3. White’s notion that tropes used by writers can guide us to the way historians think and to the fact that representations of the past are filtered through language.
4. Bourdieu and Certeau’s notion that “the structure of learned professions alters the way knowledge and the power associated with it are originated and distributed.” (1206)
New historicism is a method based on the parallel reading of literary and non-literary texts, usually of the same historical period, in which the literary and non-literary texts are given equal weight and constantly inform of interrogate each other.
New historicism is interested in history as represented and recorded in written documents, in history-as-text. Historical events as such are seen as irrecoverably lost.
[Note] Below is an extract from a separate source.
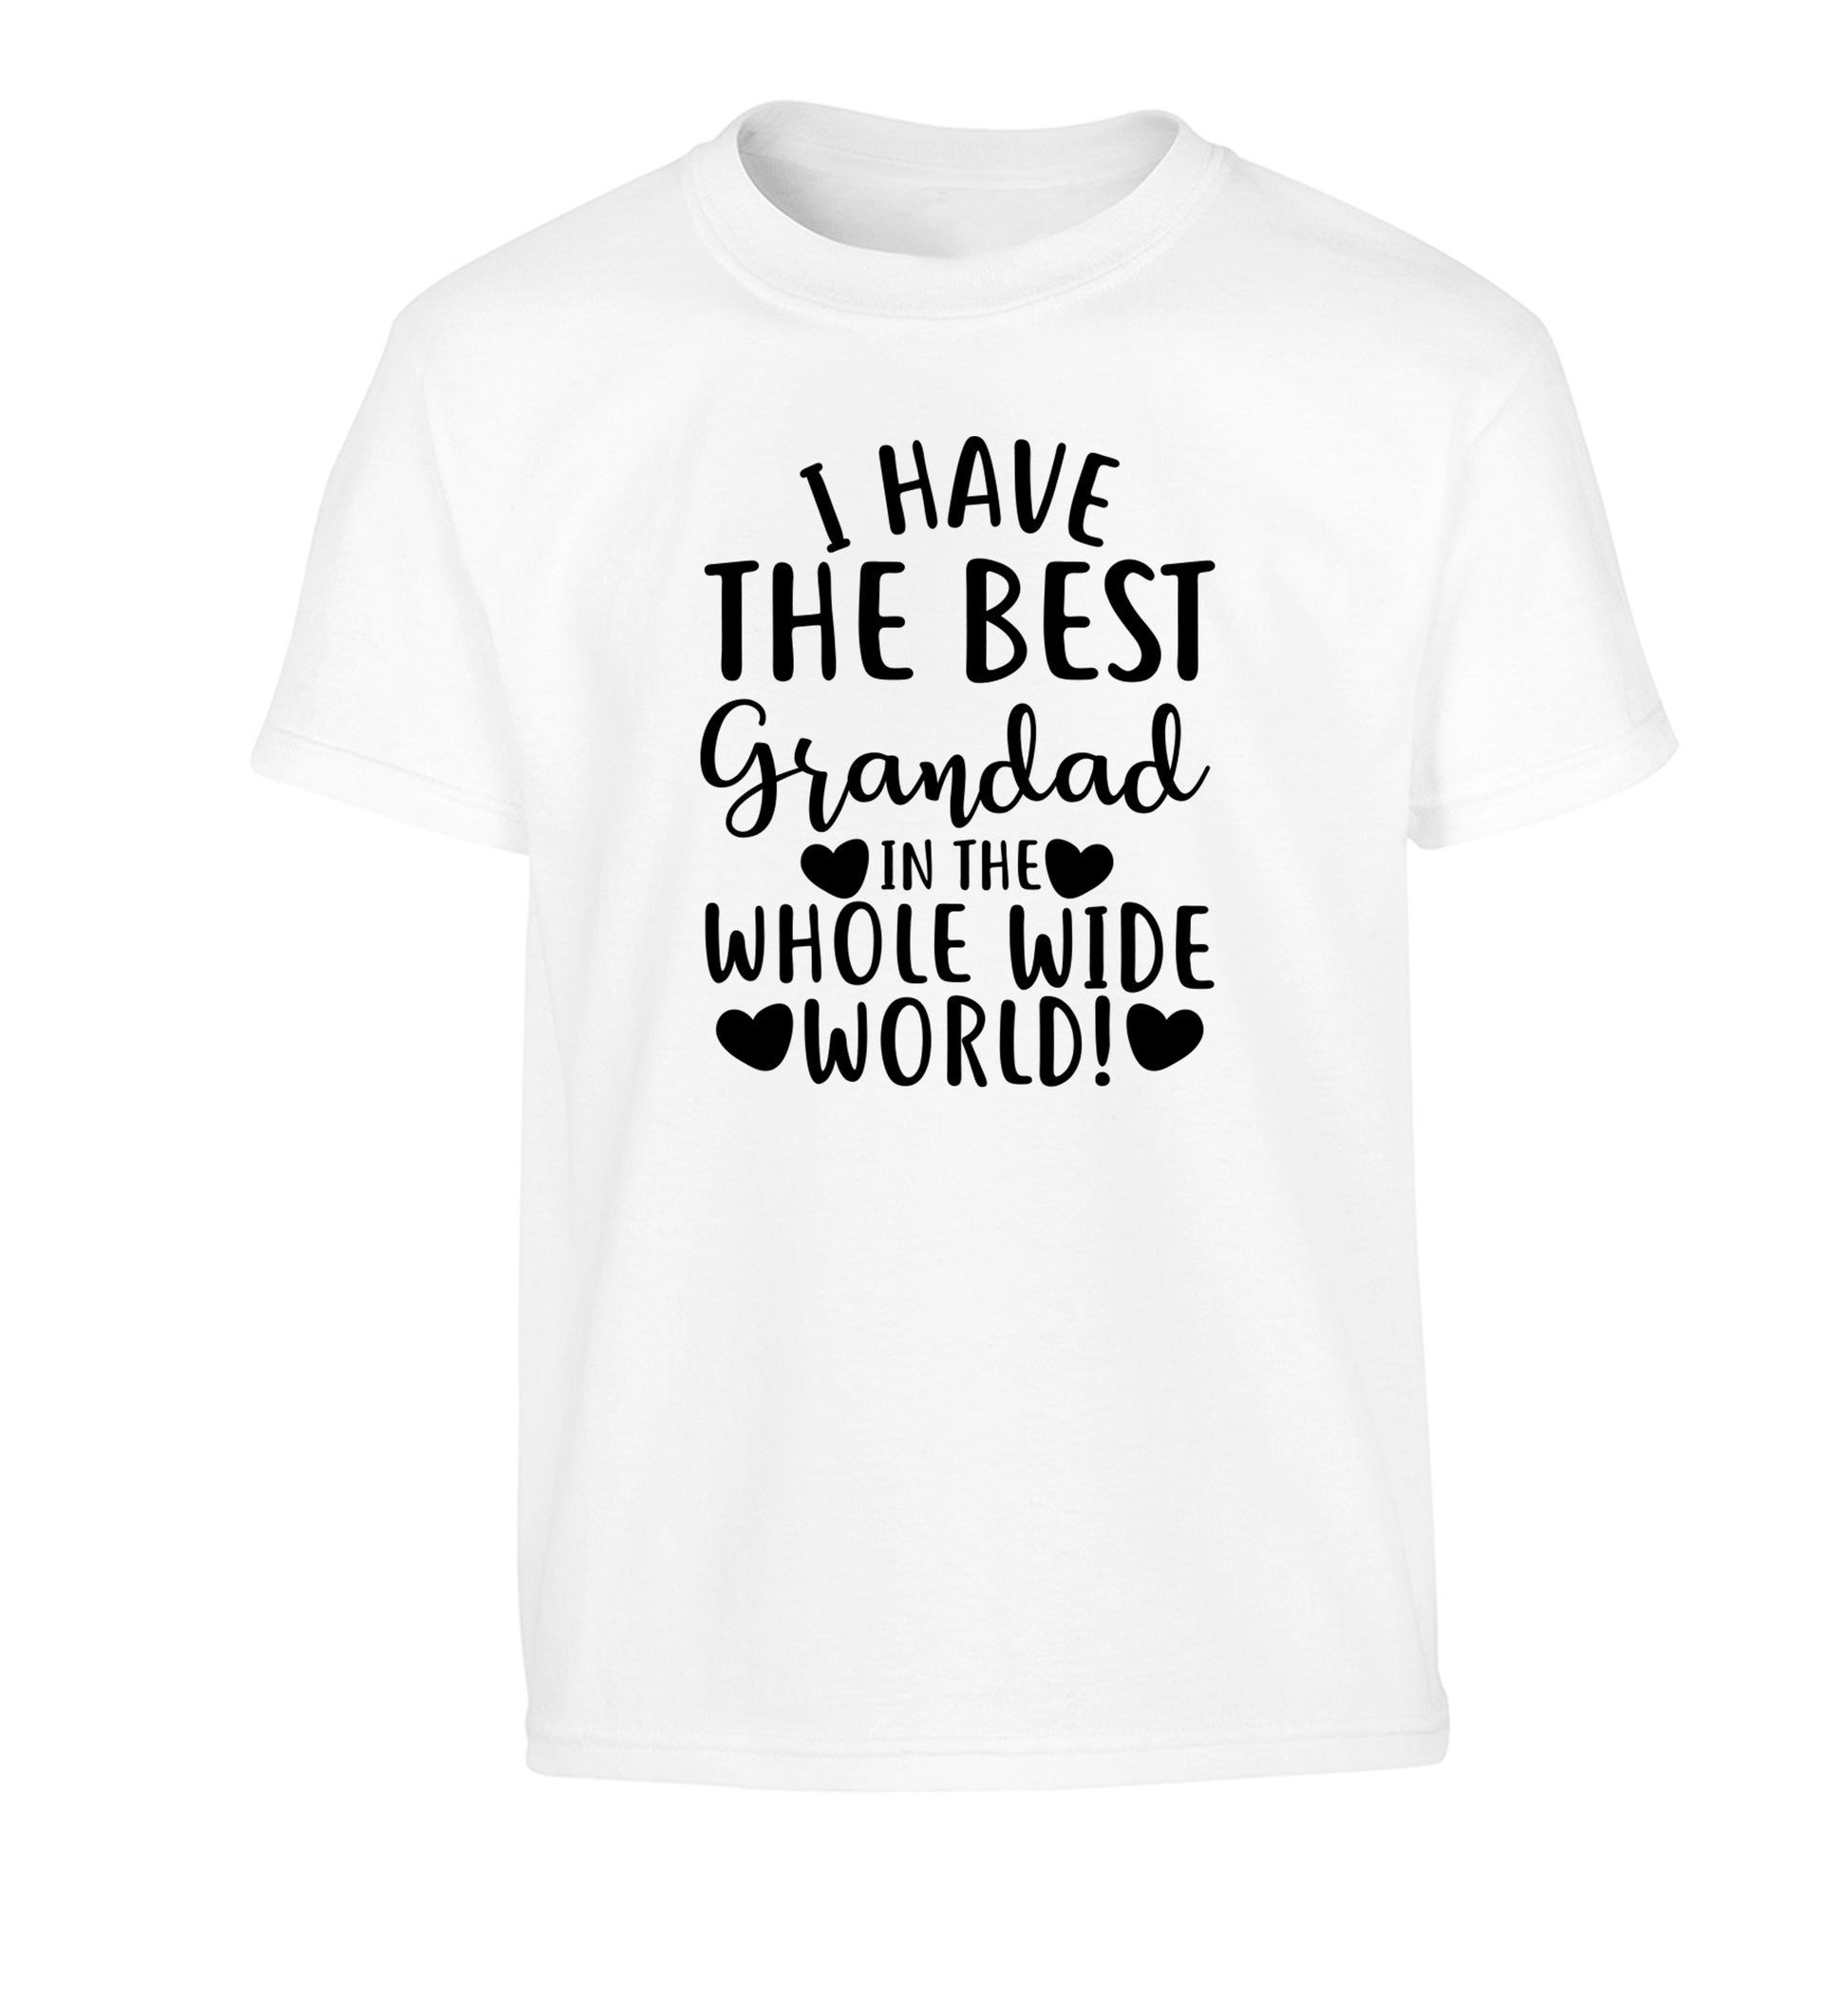 I have the best grandad in the whole wide world! Children's white Tshirt 12-13 Years

- The beginning of new Historicism dates to 1979-1980.
- The flowers of cultural study can be divided into two main branches
- Culture Materialism – British branch
- New Historicism – American branch
- New Historicism seeks to move beyond aporia (undecidability) rather than assert that a text has many possible meaning.
- They redefined the meaning of a text.
- New Historicism is concerned with culture, history, and literature.